Acceptability of feasibility of an intervention to increase physical activity in older adults with chronic pain: Health Care Assistants’ views in the iPOPP pilot trial.
Physical activity levels are low in people >65 years and those with chronic musculoskeletal pain, yet increased physical activity can lead to reduced pain. Walking is acceptable to older people with pain, but effectiveness of walking interventions hasn’t been established in this population. Ahead of a main trial, the iPOPP pilot trial investigated feasibility and acceptability of a walking intervention delivered by 5 Health Care Assistants (HCAs) (4 general practices) in an individually randomised three arm trial (usual primary care, pedometer only and iPOPP, n=50 each arm). iPOPP comprises: Week 1 face-HCA consultation (walking action plan, pedometer, walking diary, pain toolkit, discuss walking behaviour/barriers, goal setting; week 2 follow-up face-to-face or telephone, review progress and goals, relapse prevention strategies; weeks 3-10 weekly motivational prompts (postcard, email or text).

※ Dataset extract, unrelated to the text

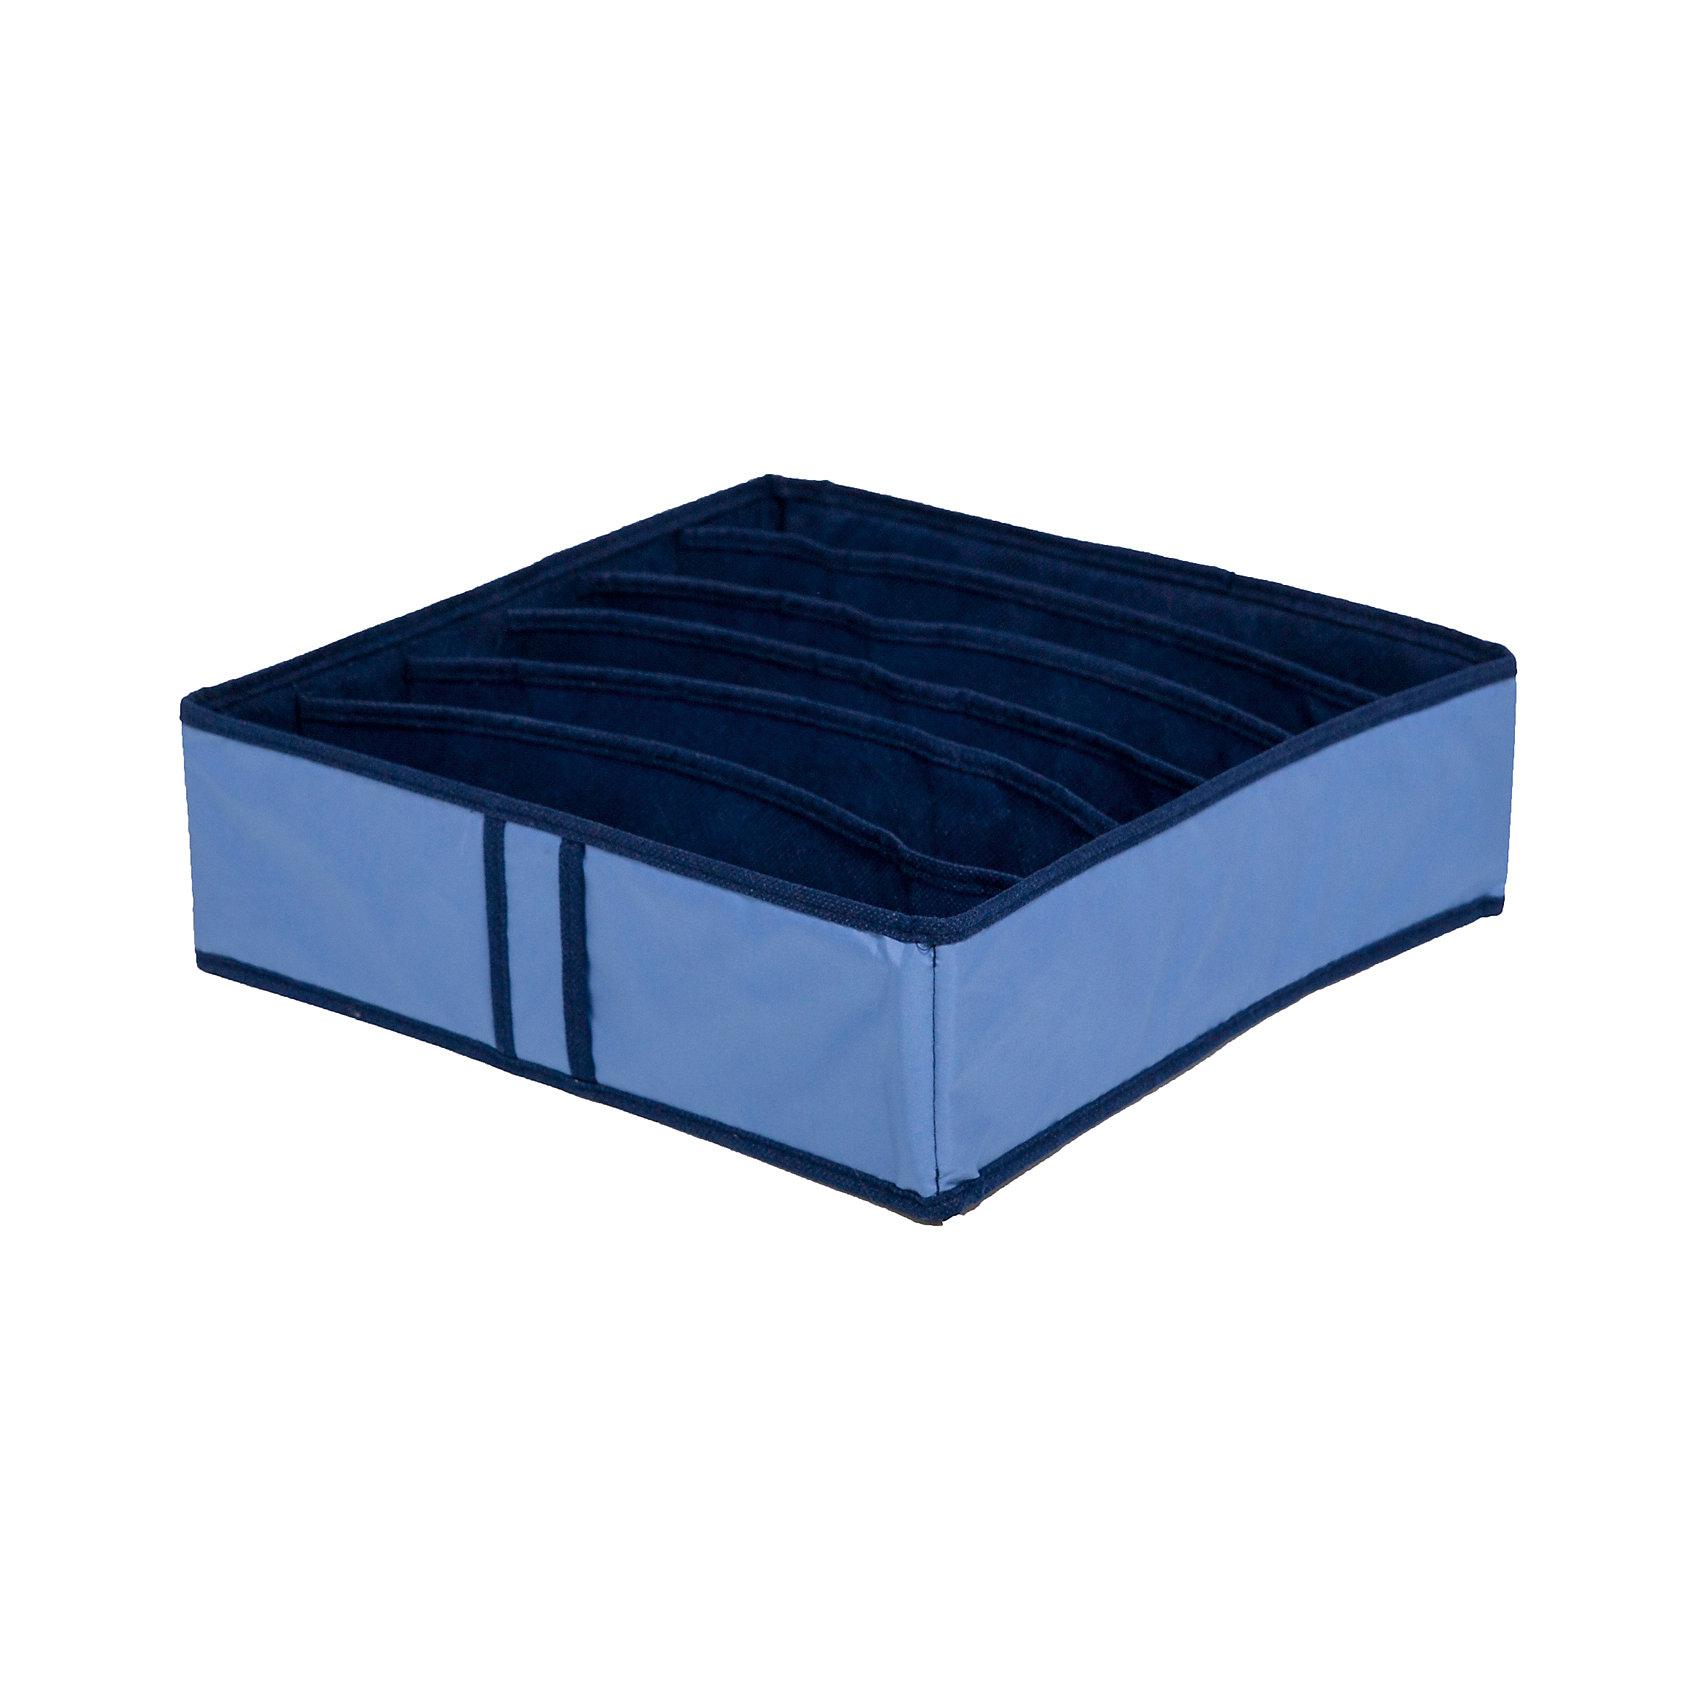 Органайзер для бюстгальтеров на 6 ячеек Bluе sky, HomsuПорядок в детской<br>Квадратный и плоский органайзер имеет 6 раздельных ячеек размером 32Х5см, очень удобен для хранения вещей среднего размера в вашем ящике или на полке. Идеально для бюстгальтеров, нижнего белья и других вещей ежедневного пользования. Имеет жесткие борта, что является гарантией сохранности вещей. Подходит в шкафы Били от Икея.<br><br>Ширина мм: 350<br>Глубина мм: 100<br>Высота мм: 20<br>Вес г: 200<br>Возраст от месяцев: 216<br>Возраст до месяцев: 1188<br>Пол: Женский<br>Возраст: Детский<br>SKU: 5620227

As part of a process evaluation, 4 out of 5 HCAs agreed to participate in a semi-structured interview. Interviews were audio recorded and transcribed verbatim. Data were mapped to the Theoretical Domains Framework to identify influences on HCA behaviour (barriers and enablers to implementation of iPOPP), in order to inform the design of a main trial.
Most factors facilitating HCAs to implement iPOPP emerged in four overlapping TDF domains: Knowledge; Beliefs about capabilities; Skills; and, Memory, attention and decision processes. HCAs described how knowing evidence about the relationship between joint pain and exercise increased confidence to discuss walking in consultations. Skills development and changes in consultation practice (e.g. asking open questions) resulted from iPOPP training (e.g role play). During consultations HCAs found a laminated prompt card useful to remind them of intervention components. All HCAs perceived that interventions tools (e.g. diary logs, pedometers) helped to motivate patients to walk. The main barrier to implementation of iPOPP was participants’ current levels of physical activity. HCAs struggled to advise patients who perceived themselves already physically active. There were also mixed views on completion of the online case report forms. One HCA described herself as not being computer literate whilst others found it useful in prompting what had to be done during the consultation.
Investigating feasibility and acceptability is an important stage in the development and evaluation of complex interventions as randomised controlled trials in primary care are often unsuccessful due to suboptimal intervention and/or trial design. HCAs’ views of the iPOPP trial were overall positive, indicating the iPOPP intervention is acceptable to HCAs working in primary care. However we have identified some areas for further optimisation (content of training programme, use of case report forms). These findings will be compared with data from audio recorded consultations and interviews with patients to provide further evidence of acceptability and feasibility ahead of a main trial.